Антитезис. Художественная форма не предполагает, что существует некоторый независимый от нее и служащий для нее прообразом первообраз, так что она сама для себя свободно устанавливает свой первообраз, т. е. критерий и норму, будучи в своей структуре совершенно свободной самопорожденностью, не зависимой ни от каких других об–разов и первообразов.

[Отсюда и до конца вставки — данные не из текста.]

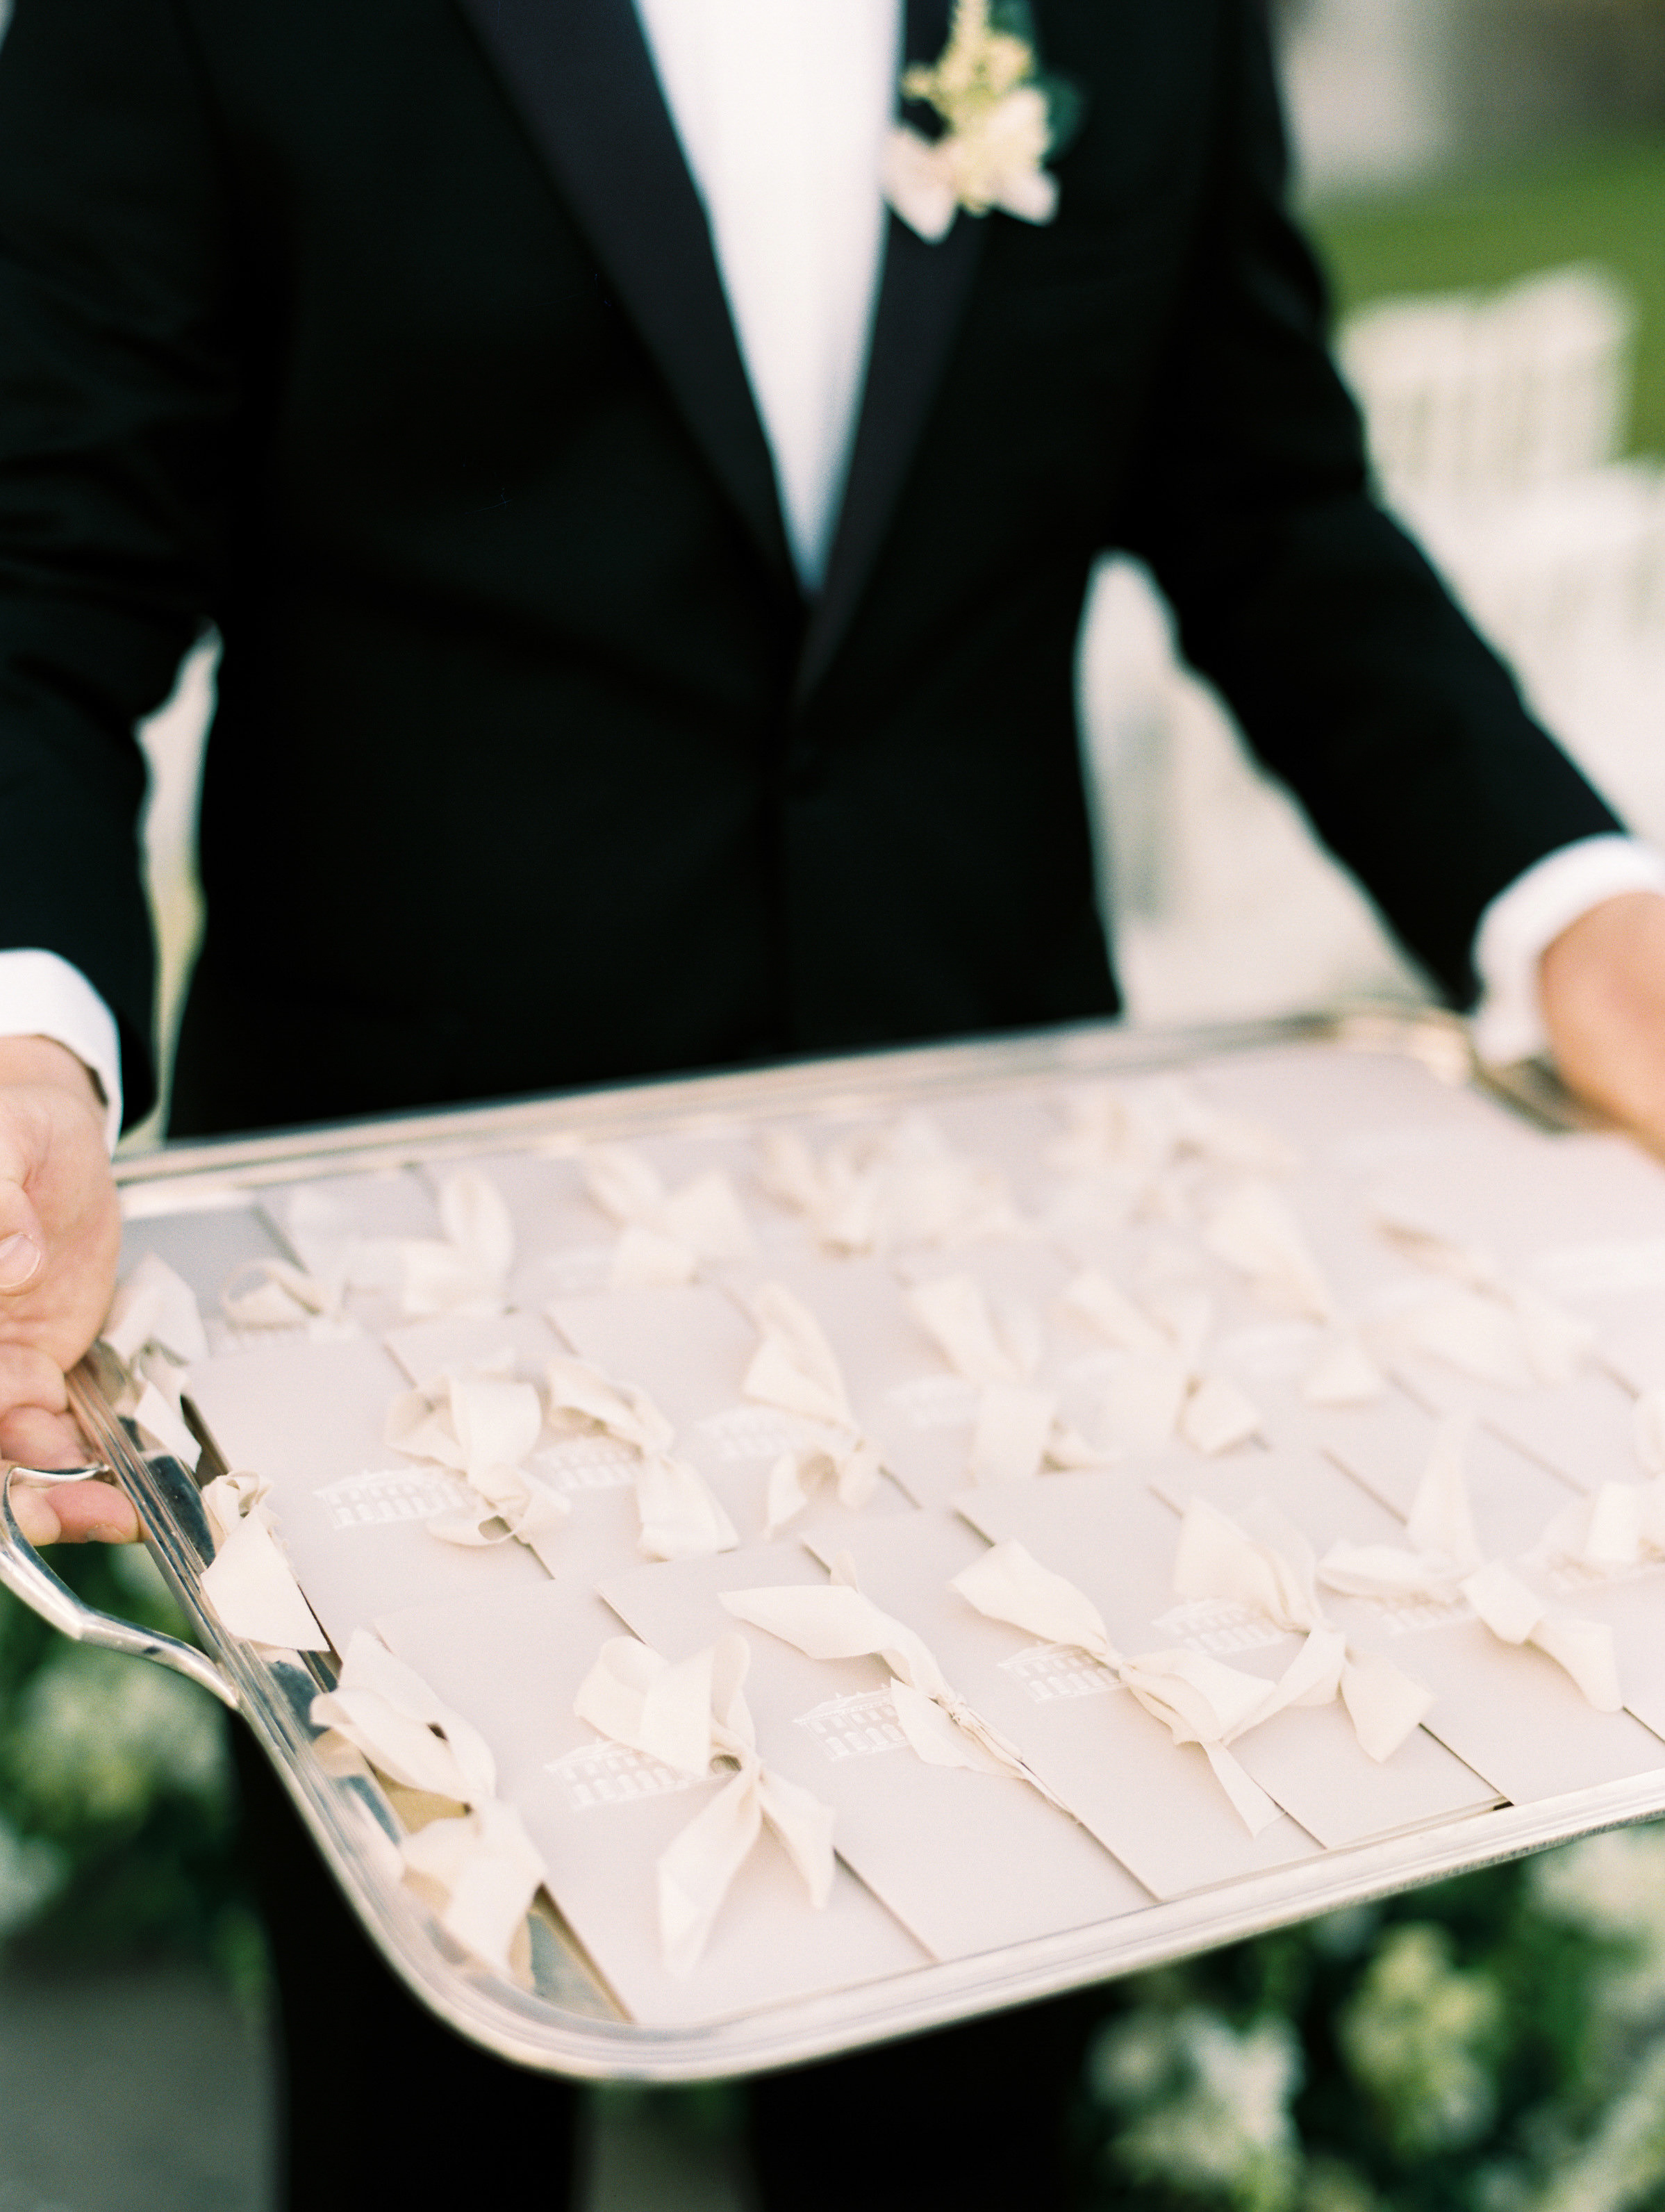 ramsey charles ireland wedding programs on tray

Антитезисы «антиномий адекваций», быть может, являются наиболее понятными во всей диалектике адеквации. В самом деле, вот создана Чайковским его «Шестая симфония». Была ли художественная форма этой симфонией до создания самой симфонии? Конечно, нет. Знал ли кто–нибудь о первообразе, послужившем для конструкции формы этой симфонии? Конечно, нет. Наконец, существовала ли симфония до того, как Чайковский ее замыслил и создал? Смешно и спрашивать. Значит, Чайковский — подлинный автор этой симфонии и о «первообразе» ее можно судить только по ней самой, до нее нельзя было судить. Художественная форма есть творчески созданная форма, и на ней запечатлен дух автора с его высокими и низкими порывами и весь дух эпохи с его более мелкими и более крупными чертами. Каждый штрих в художественном произведении говорит о том или ином творческом напряжении автора, говорит о творчестве, об исканиях и нахождениях, об усилиях родить и создать. Сущность творчества — в максимальном напряжении воли автора, в полной устремленности внимания на художественный объект и сосредоточенности усилий на одной творческой и художественной цели. Художественная форма не есть просто результат проявленности чего–то, помимо автора; это — такой тип самопорожденности, который в то же время являет только себя, и художник — ответчик за малейший штрих, допущенный им в художественном произведении.

Синтез. Художественная форма есть творчески и знер–гийно становящийся (ставший) первообраз ее самой, данный как свободно существующая необходимость первообраза, или как необходимым образом свободно существующий первообраз.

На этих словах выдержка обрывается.